**Task to carry out**
Please return the listing exactly as written, but without its pictures.

### Supplied material ###

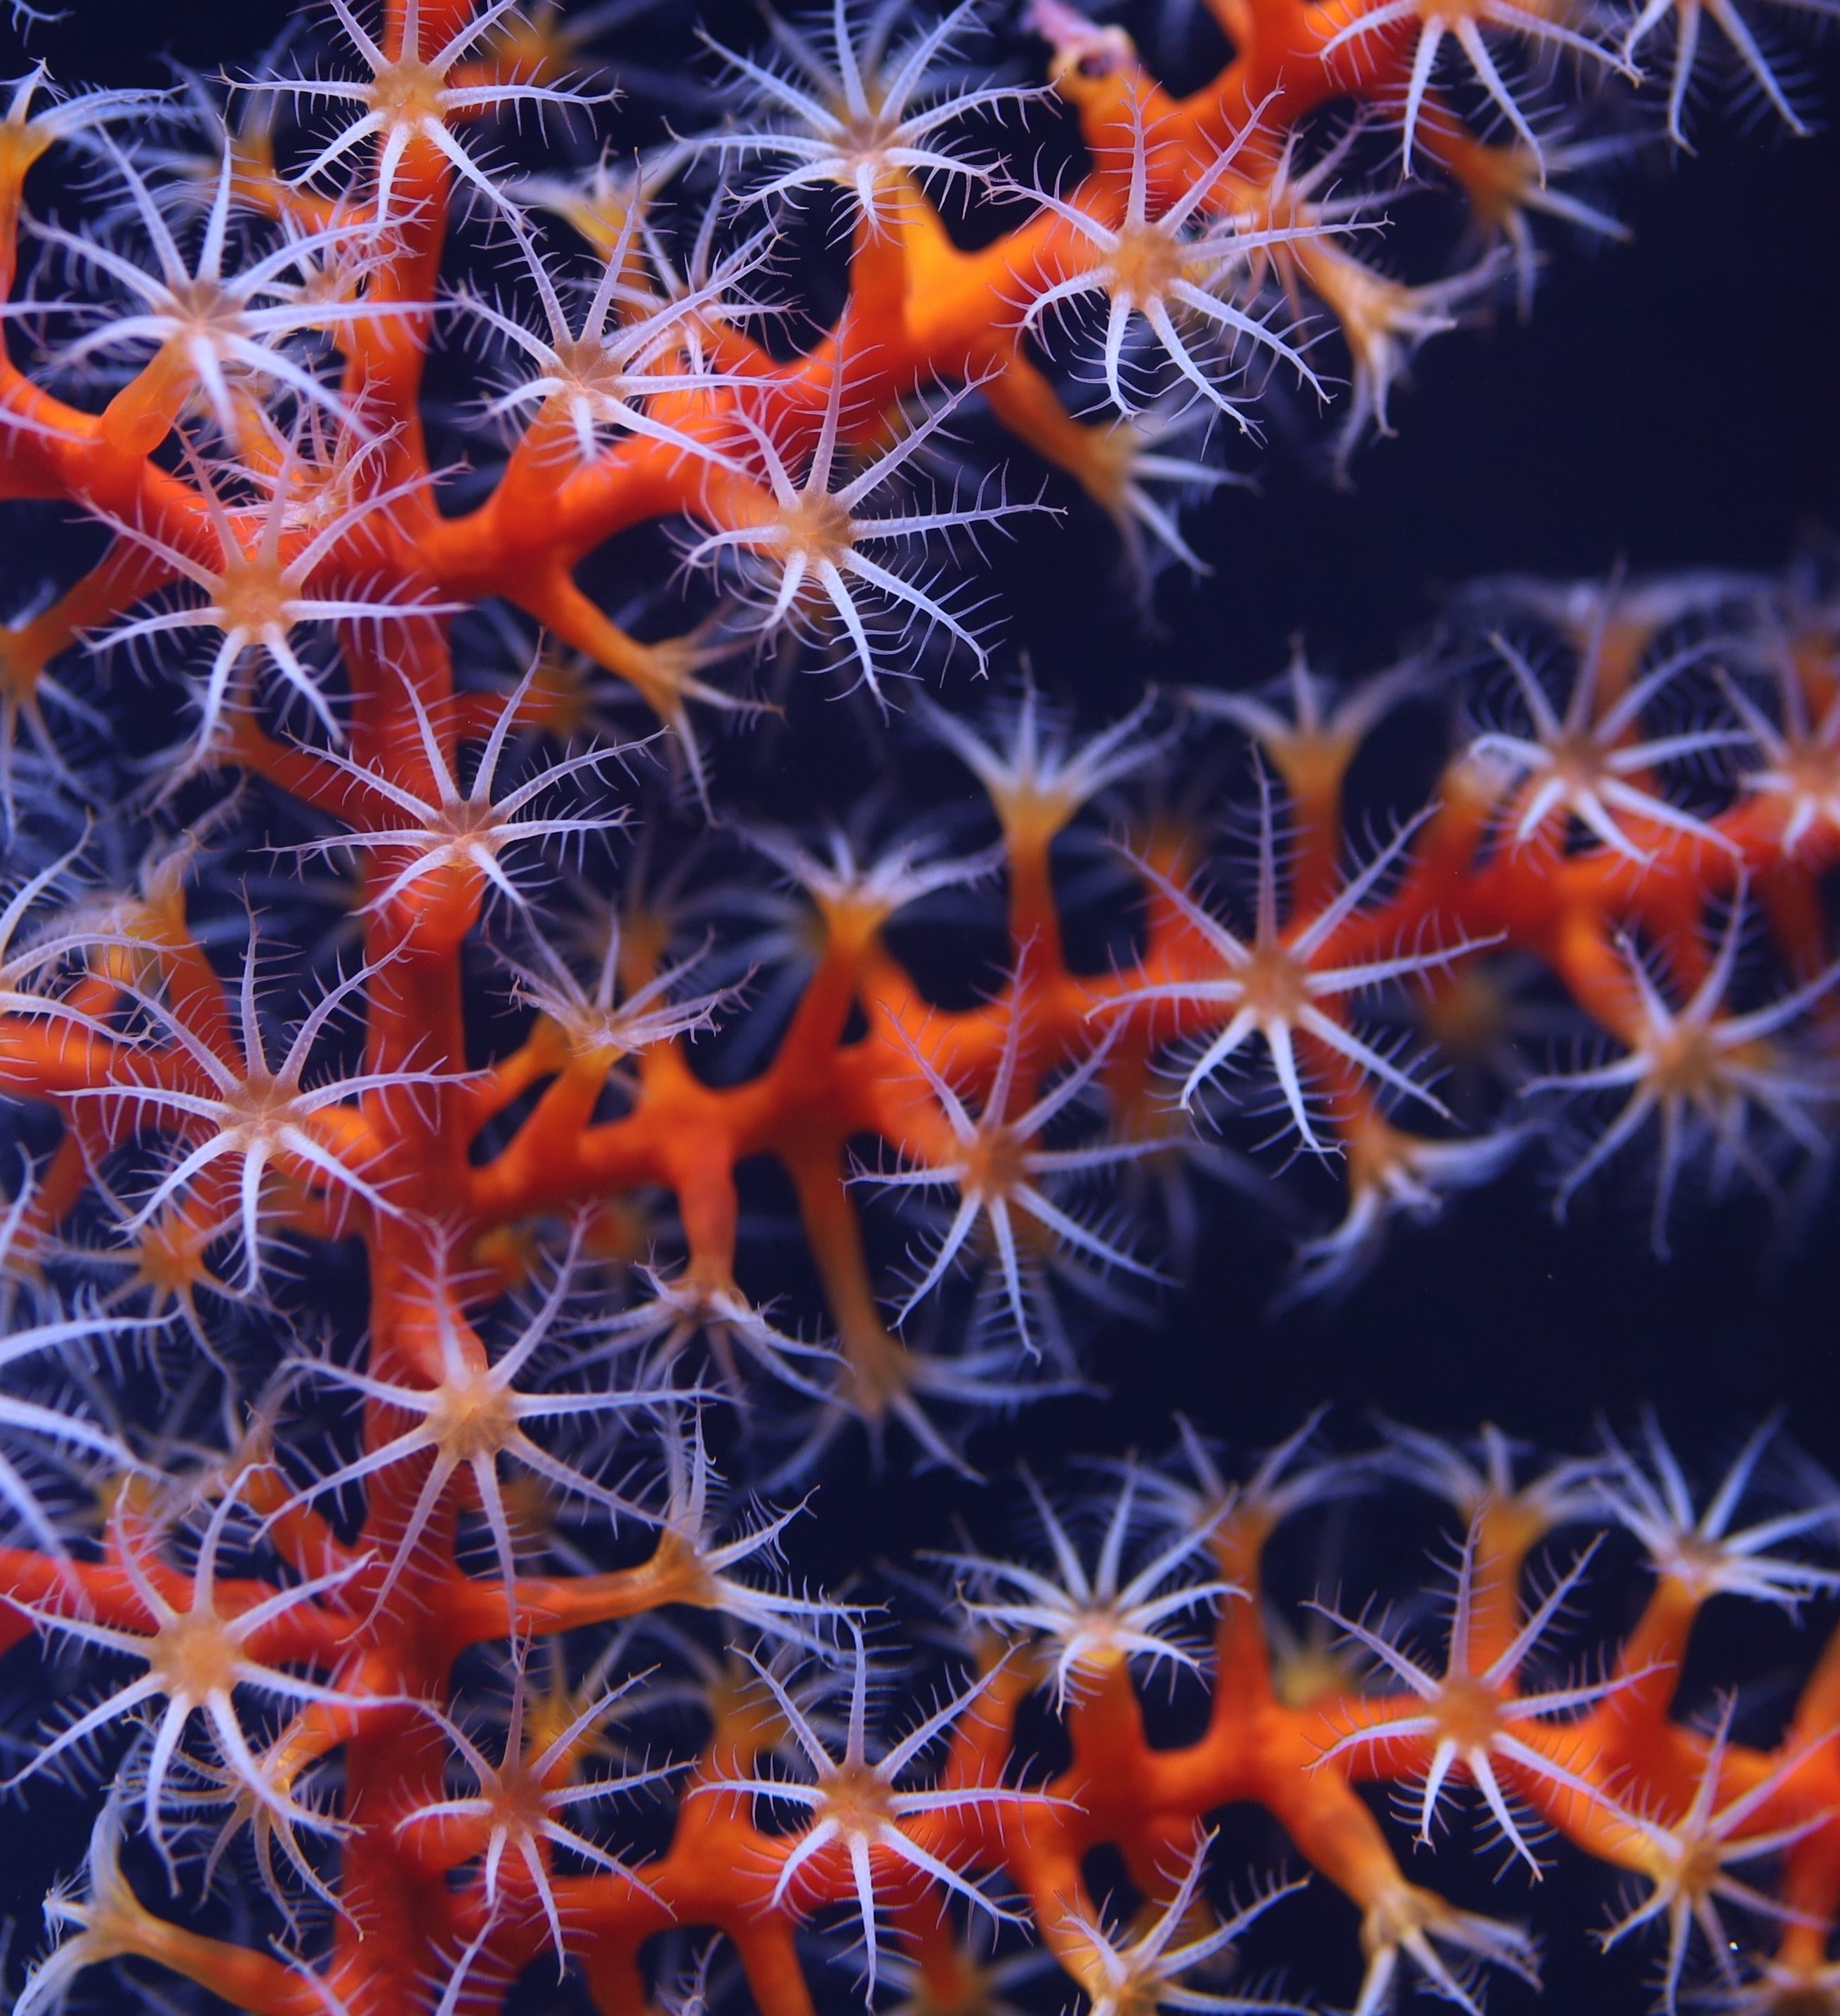 Open polyps of the mesophotic soft coral Swiftia exserta held in aquaria at the USGS Wetland and Aquatic Research Center, Gainesville, FL, USA. Photo courtesy of Jayci Grosso, and edited by Mark McCauley, contractors to the USGS. Photo is in the public domain.
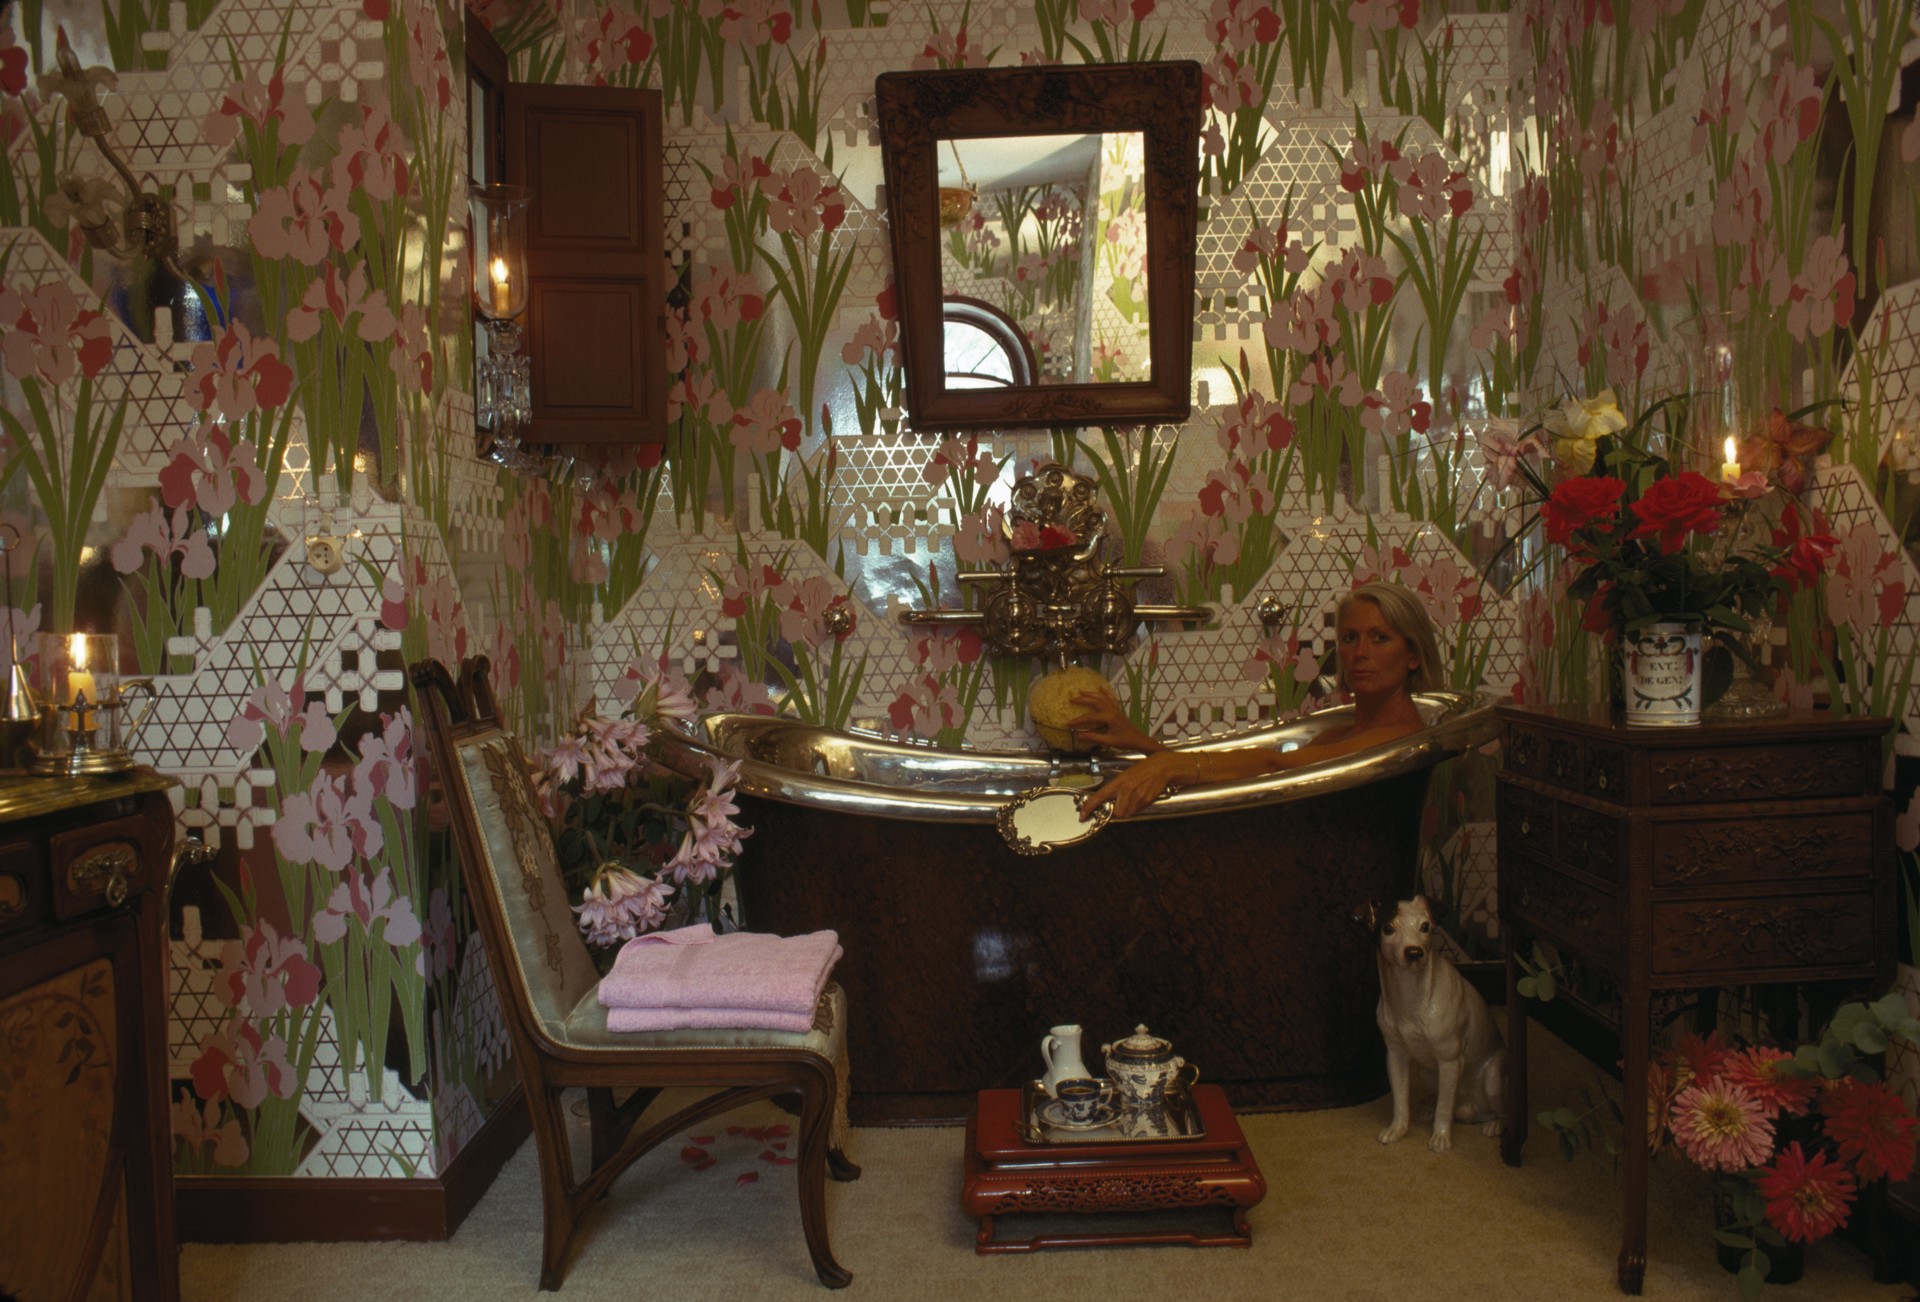 French Bath by Slim Aarons
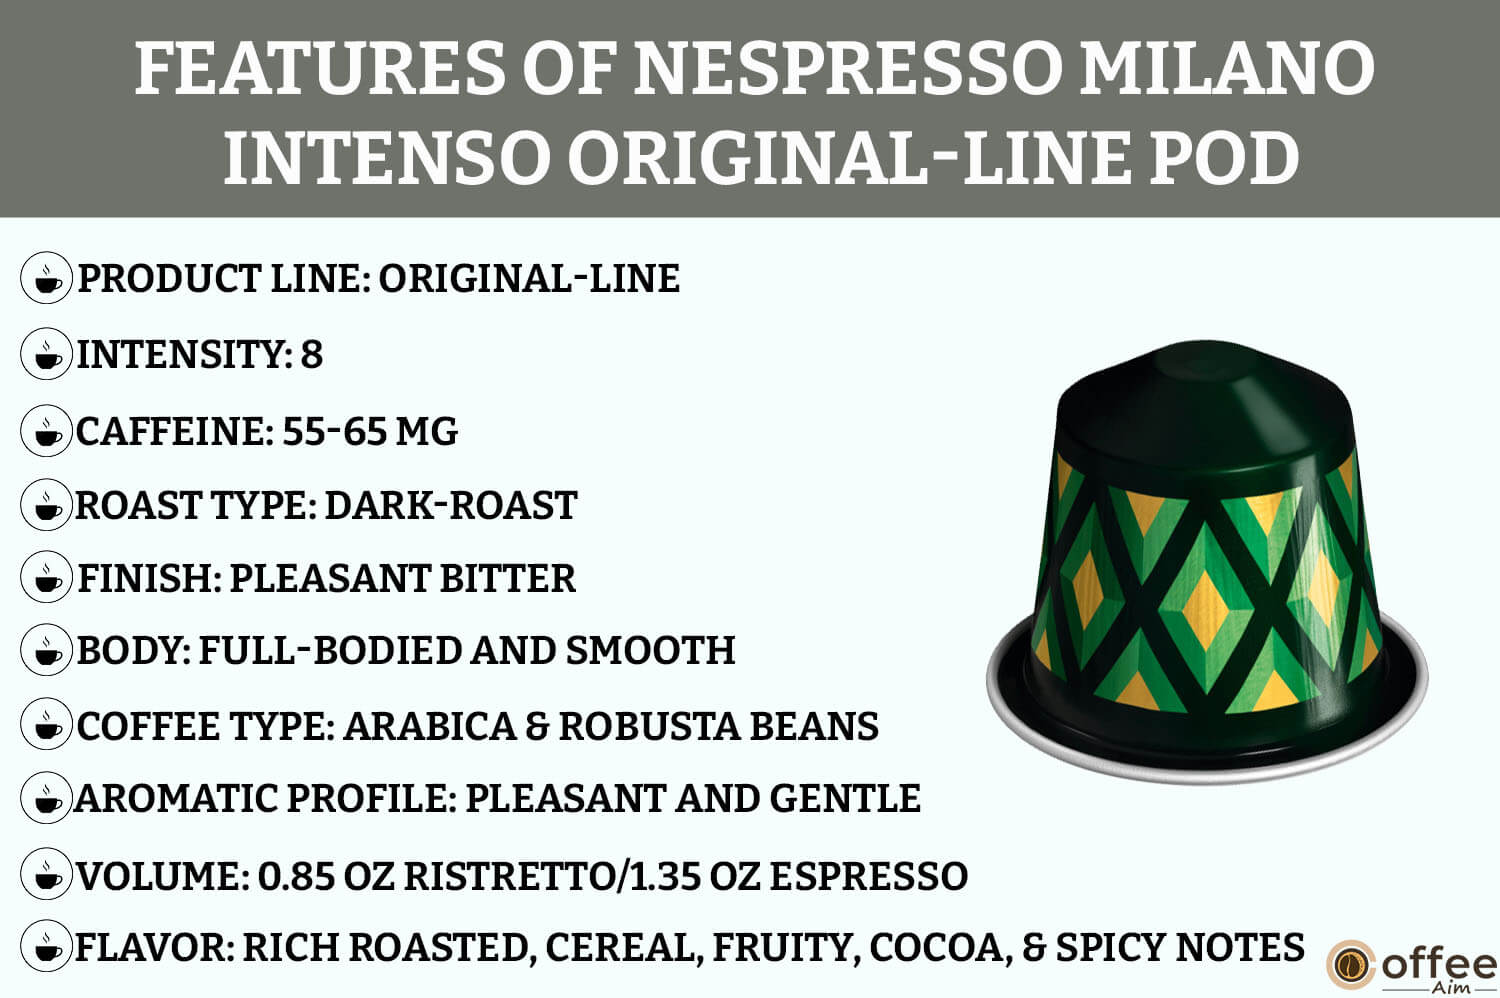 The image details features of the Nespresso Milano Intenso Original-Line Pod, enhancing the "Nespresso Milano Intenso Pod Review" article.

###

**Response to this task**
 Open polyps of the mesophotic soft coral Swiftia exserta held in aquaria at the USGS Wetland and Aquatic Research Center, Gainesville, FL, USA. Photo courtesy of Jayci Grosso, and edited by Mark McCauley, contractors to the USGS. Photo is in the public domain.
 French Bath by Slim Aarons
 The image details features of the Nespresso Milano Intenso Original-Line Pod, enhancing the "Nespresso Milano Intenso Pod Review" article.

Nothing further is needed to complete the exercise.